Try it → The data below should be transcribed in full, with no picture included.

*** Opening of Data ***

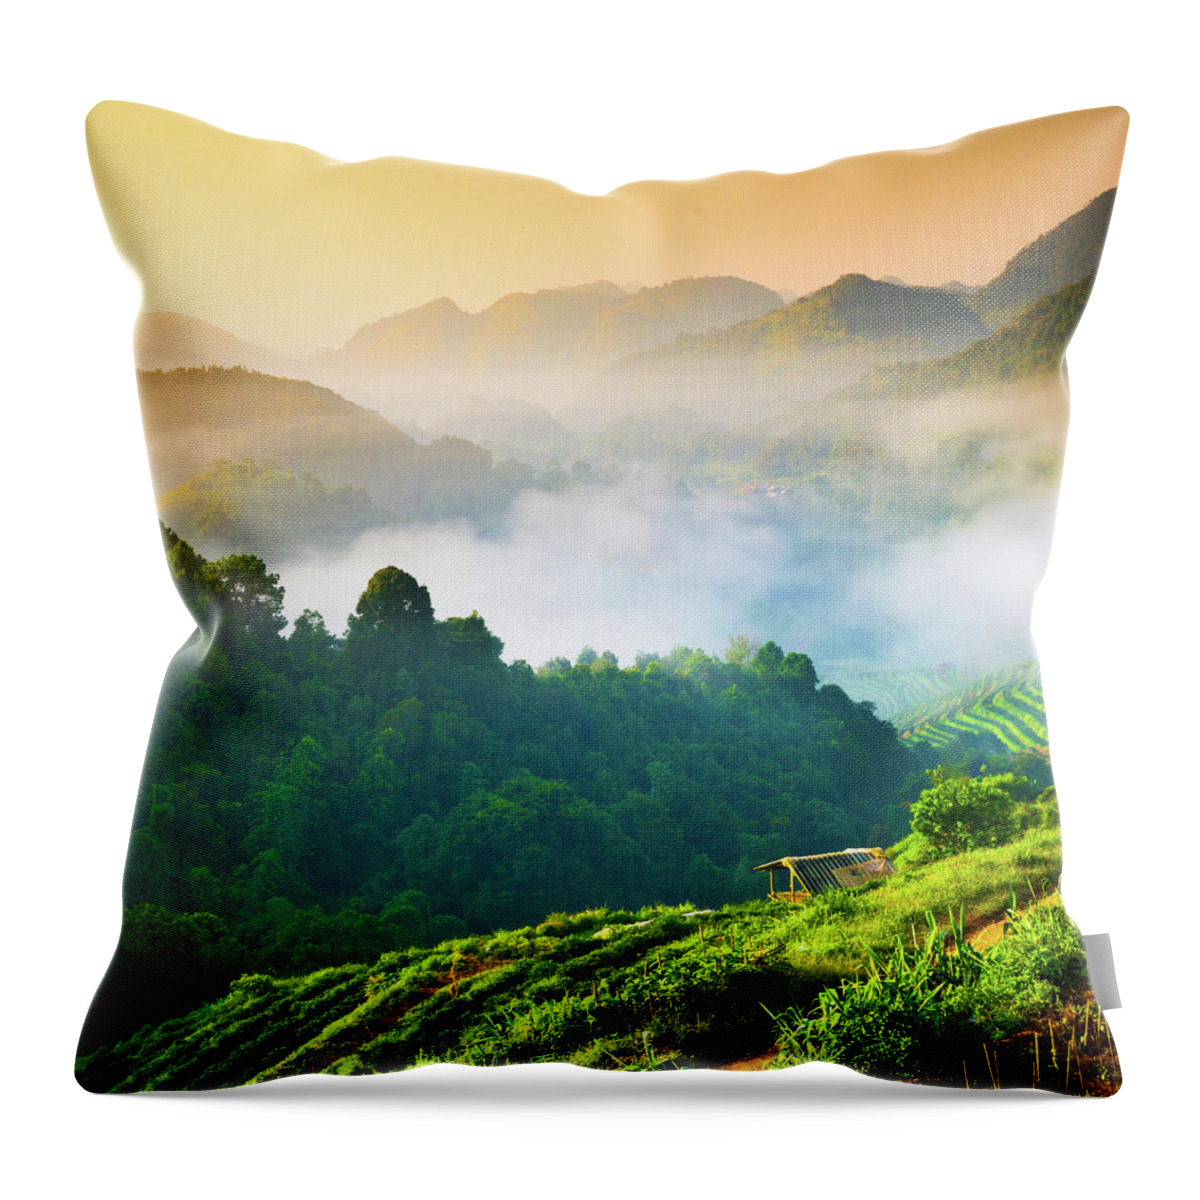 Scenics Throw Pillow featuring the photograph Beautiful Sunshine At Misty Morning by Primeimages
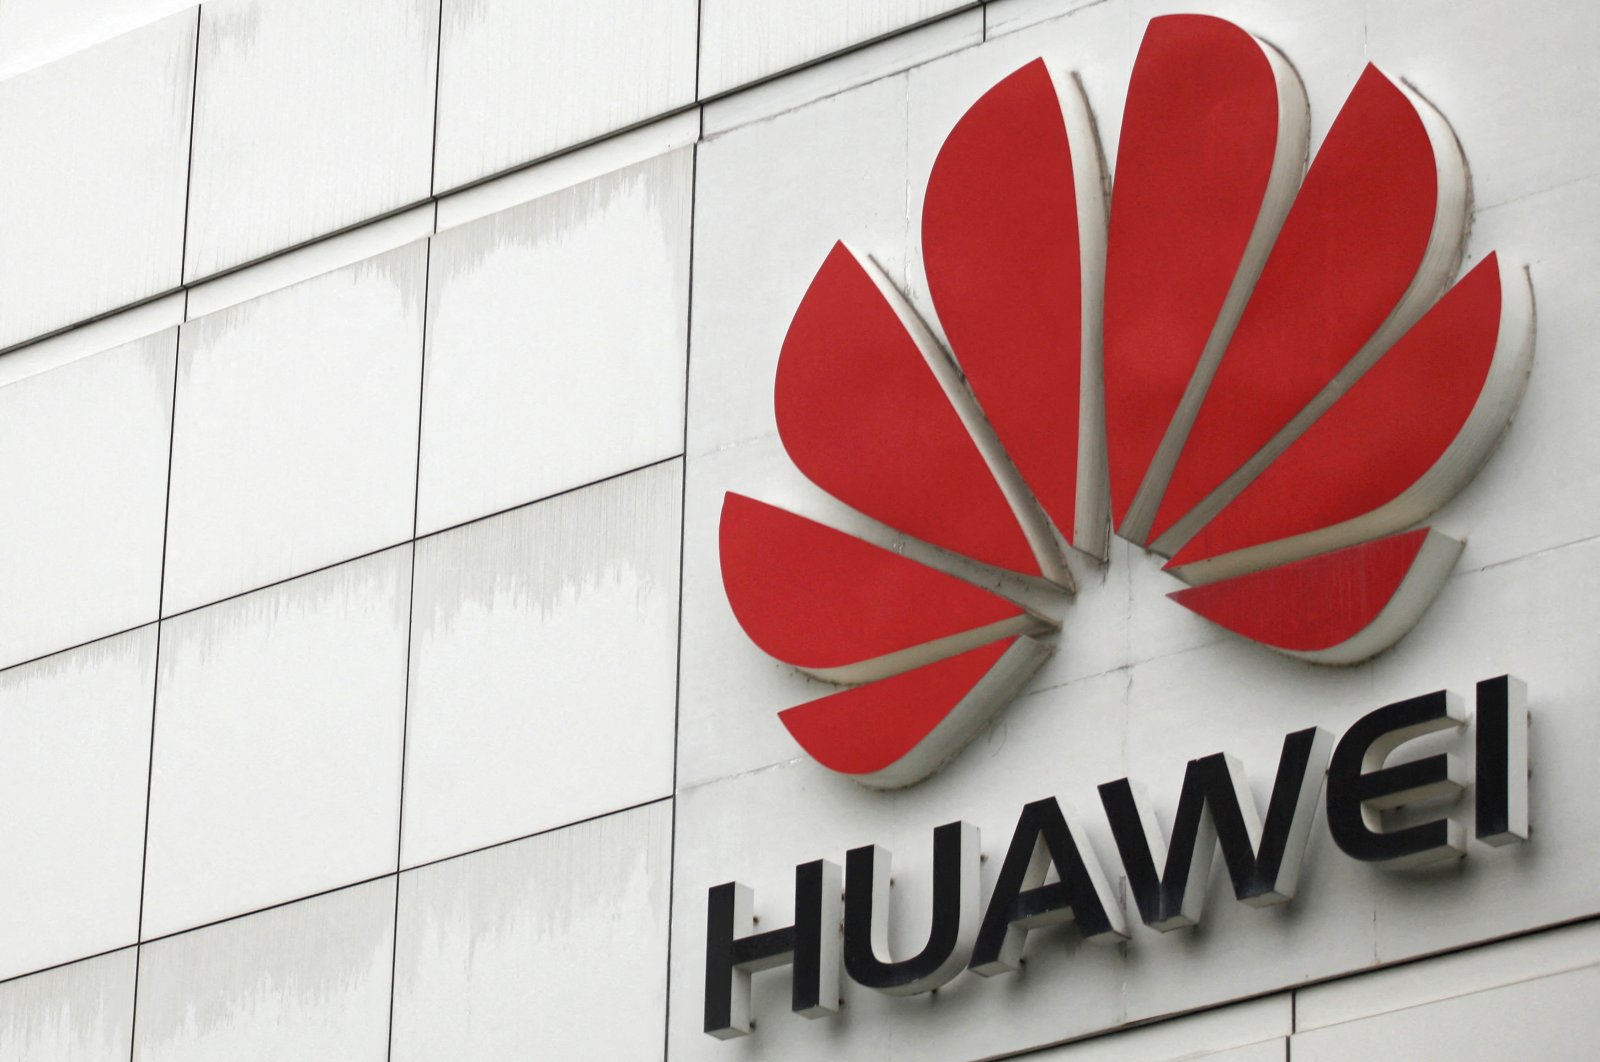 The logo of Huawei Technologies Co. Ltd. is seen outside its headquarters in Shenzhen, Guangdong province, China, April 17, 2012. (Reuters Photo)
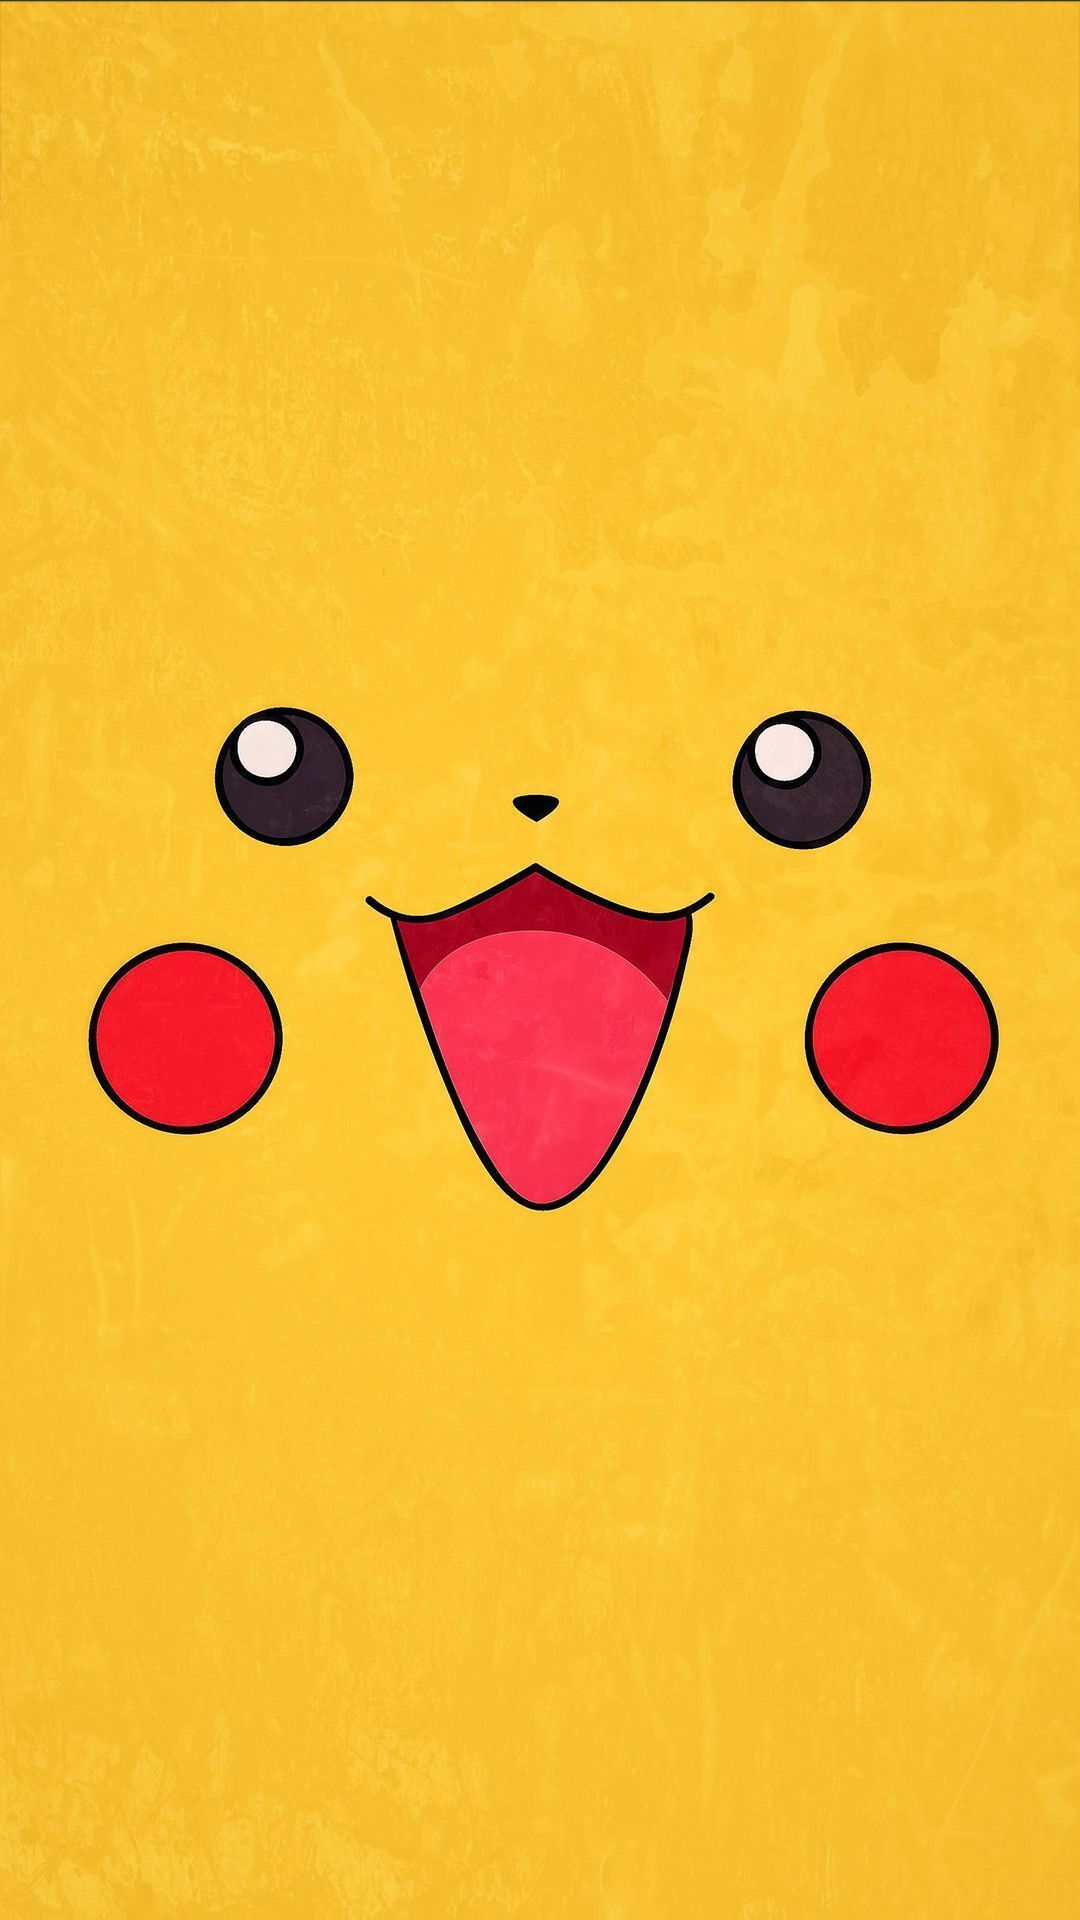 Tap for 2 seconds to save the wallpaper Pokemon wallpaper for

*** Close of Data ***

Response →
 Scenics Throw Pillow featuring the photograph Beautiful Sunshine At Misty Morning by Primeimages
 The logo of Huawei Technologies Co. Ltd. is seen outside its headquarters in Shenzhen, Guangdong province, China, April 17, 2012. (Reuters Photo)
 Tap for 2 seconds to save the wallpaper Pokemon wallpaper for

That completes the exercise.